Falling off the Lavender Bridge is the debut album by British artist Lightspeed Champion, which was released on 21 January 2008. The album features the singles "Galaxy of the Lost", "Midnight Surprise" and "Tell Me What It's Worth".

Recording
Devonté Hynes, the main musician in Lightspeed Champion, flew to Omaha, Nebraska in early 2007 to flesh out the songs that he'd written with Mike Mogis, resident producer for Saddle Creek records and a member of Bright Eyes. He stayed there for several months in a guest house decorated by Mogis and Conor Oberst. An assortment of musicians came around to hang out and ended up playing on the record including Mogis himself, trumpet player and pianist Nate Walcott, The Faint's drummer Clark Baechle and guest vocalist Emmy the Great—along with moonlighting members of Cursive and Tilly and the Wall.
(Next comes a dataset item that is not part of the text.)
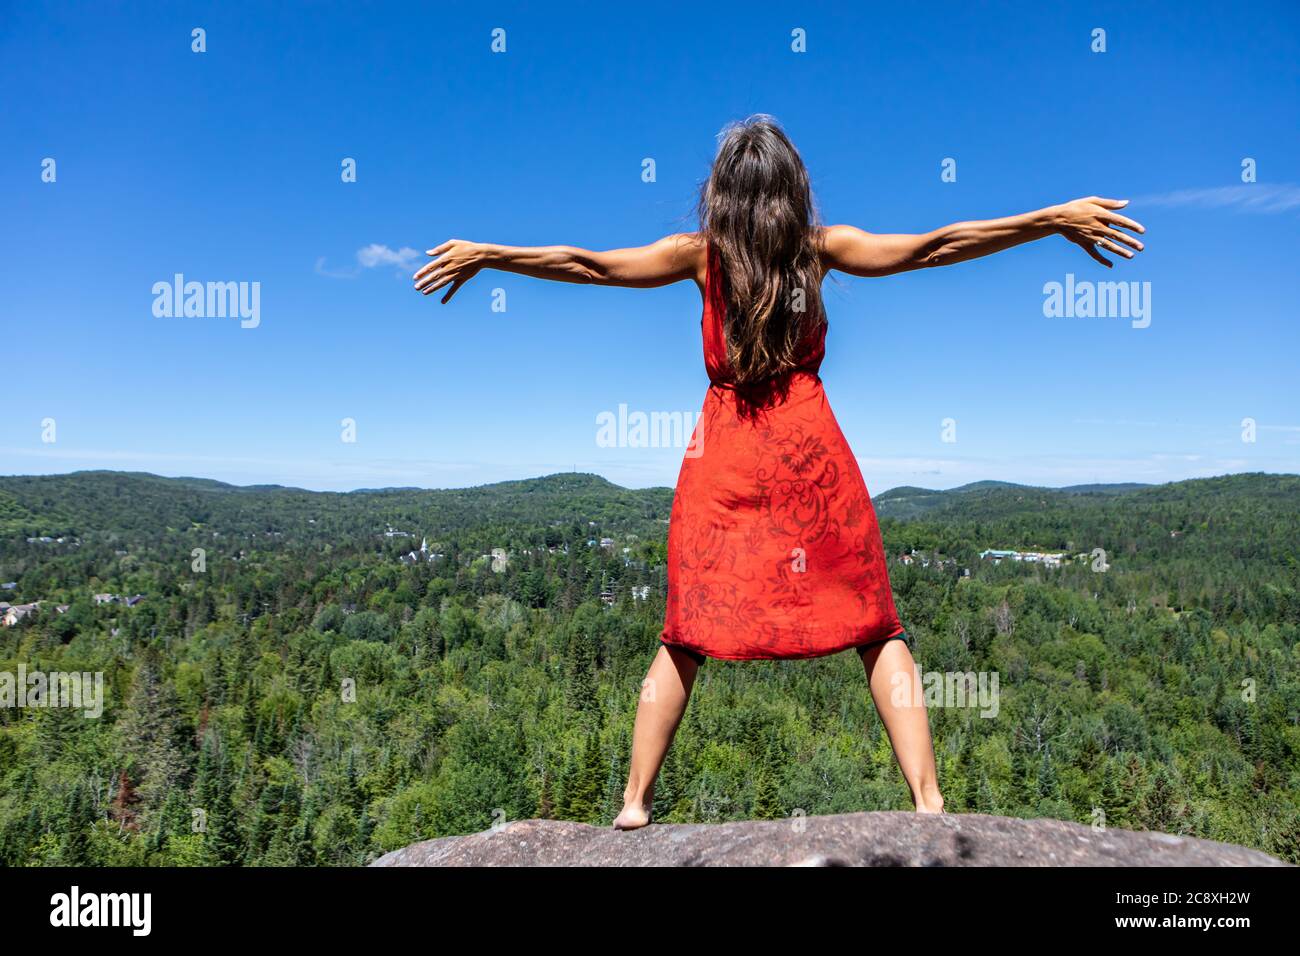 Blick von hinten auf eine junge Frau in einem roten Kleid, die ihre Arme weit öffnet und ihren Kopf in den Himmel hebt, vor einer kanadischen Berglandschaft. Stockfoto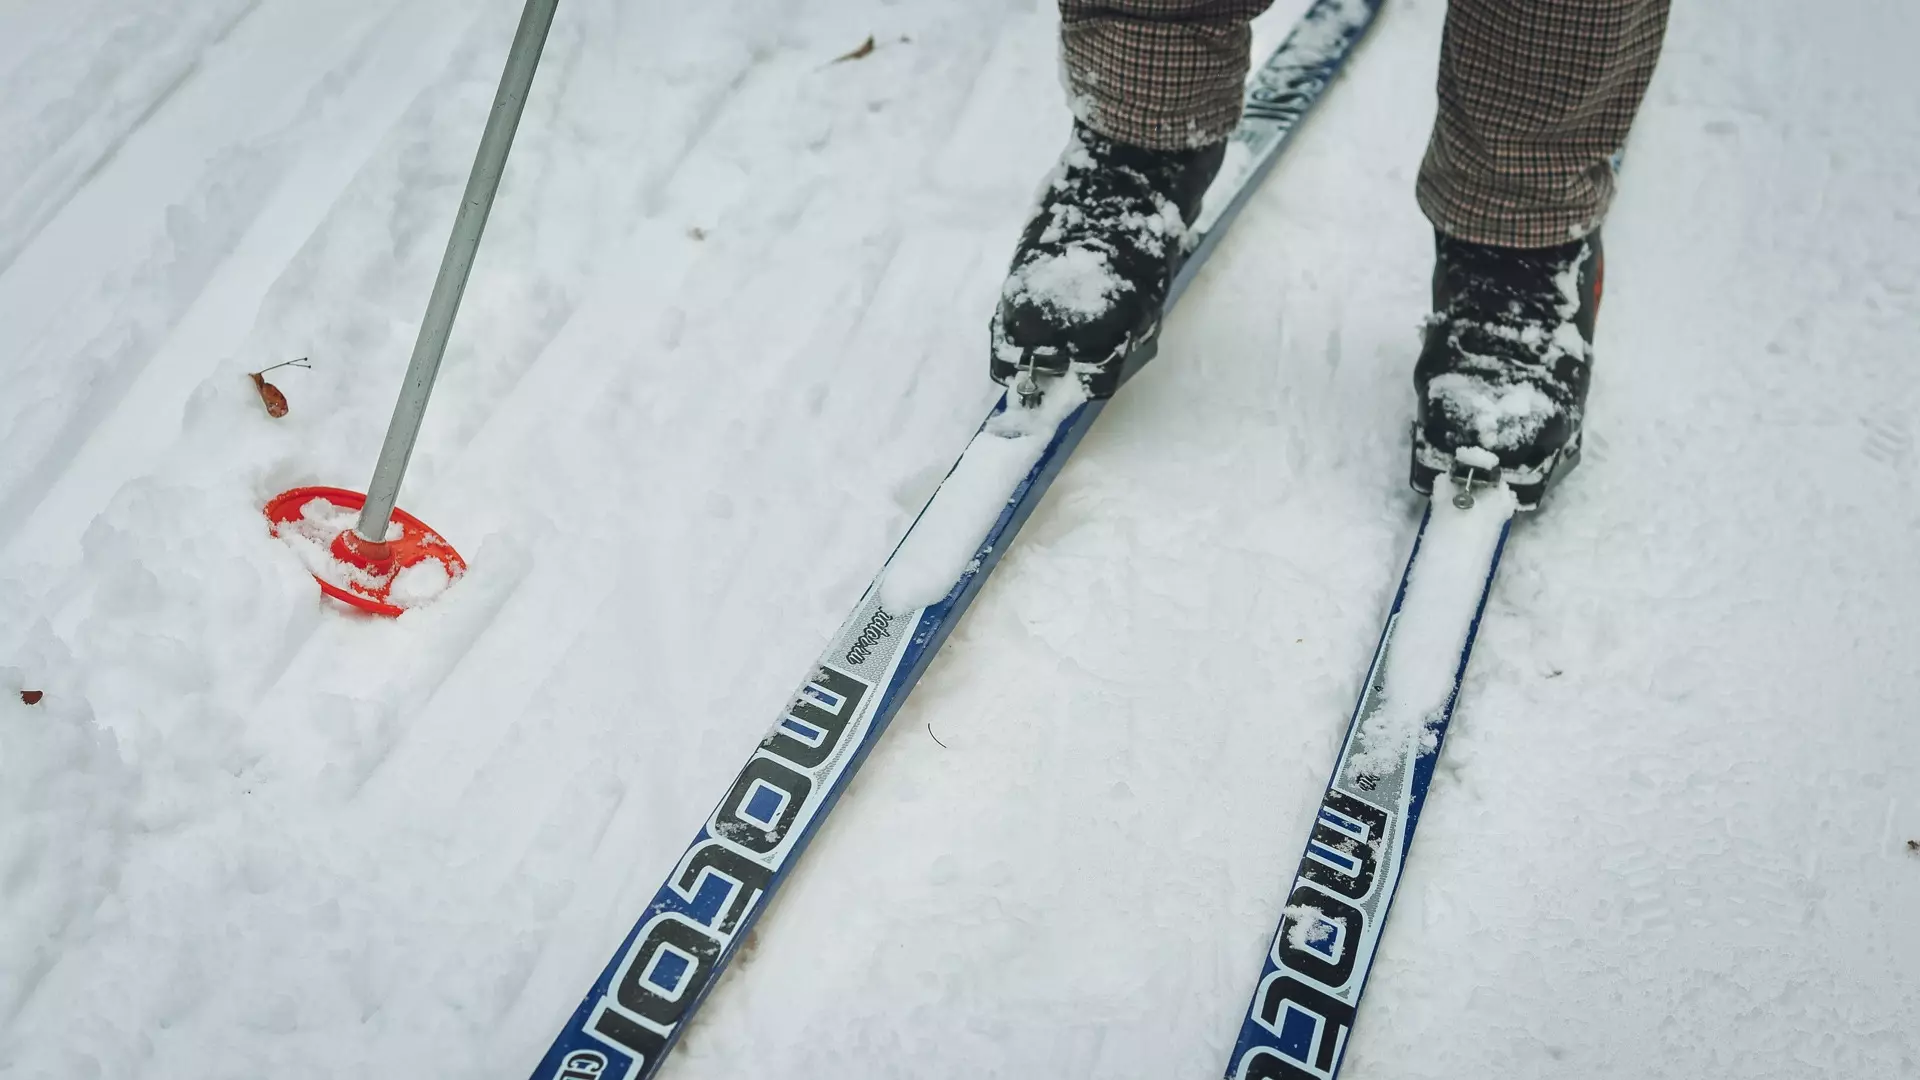 Эн+ ждет нижегородцев на спортивном фестивале «На лыжи!» уже в это воскресенье

According to Hynes, the album is in two-halves; a mixture of his dreams and life experiences. The lavender in the album title refers to a toy frog (made from lavender) Hynes' mother gave to him as a child to help him sleep.

Track listing

Notes
Hynes claims "I Could Have Done This Myself" is "about losing [his] virginity" going on to state, "which is why it's called I Could Have Done This Myself. I later realised that it was actually referring to the second time I had sex; the first time was so traumatic I'd just blanked it out of my memory."

"Dry Lips" describes the last time Hynes - who has to lead a relatively sober life because of stomach ulcers - had a hangover.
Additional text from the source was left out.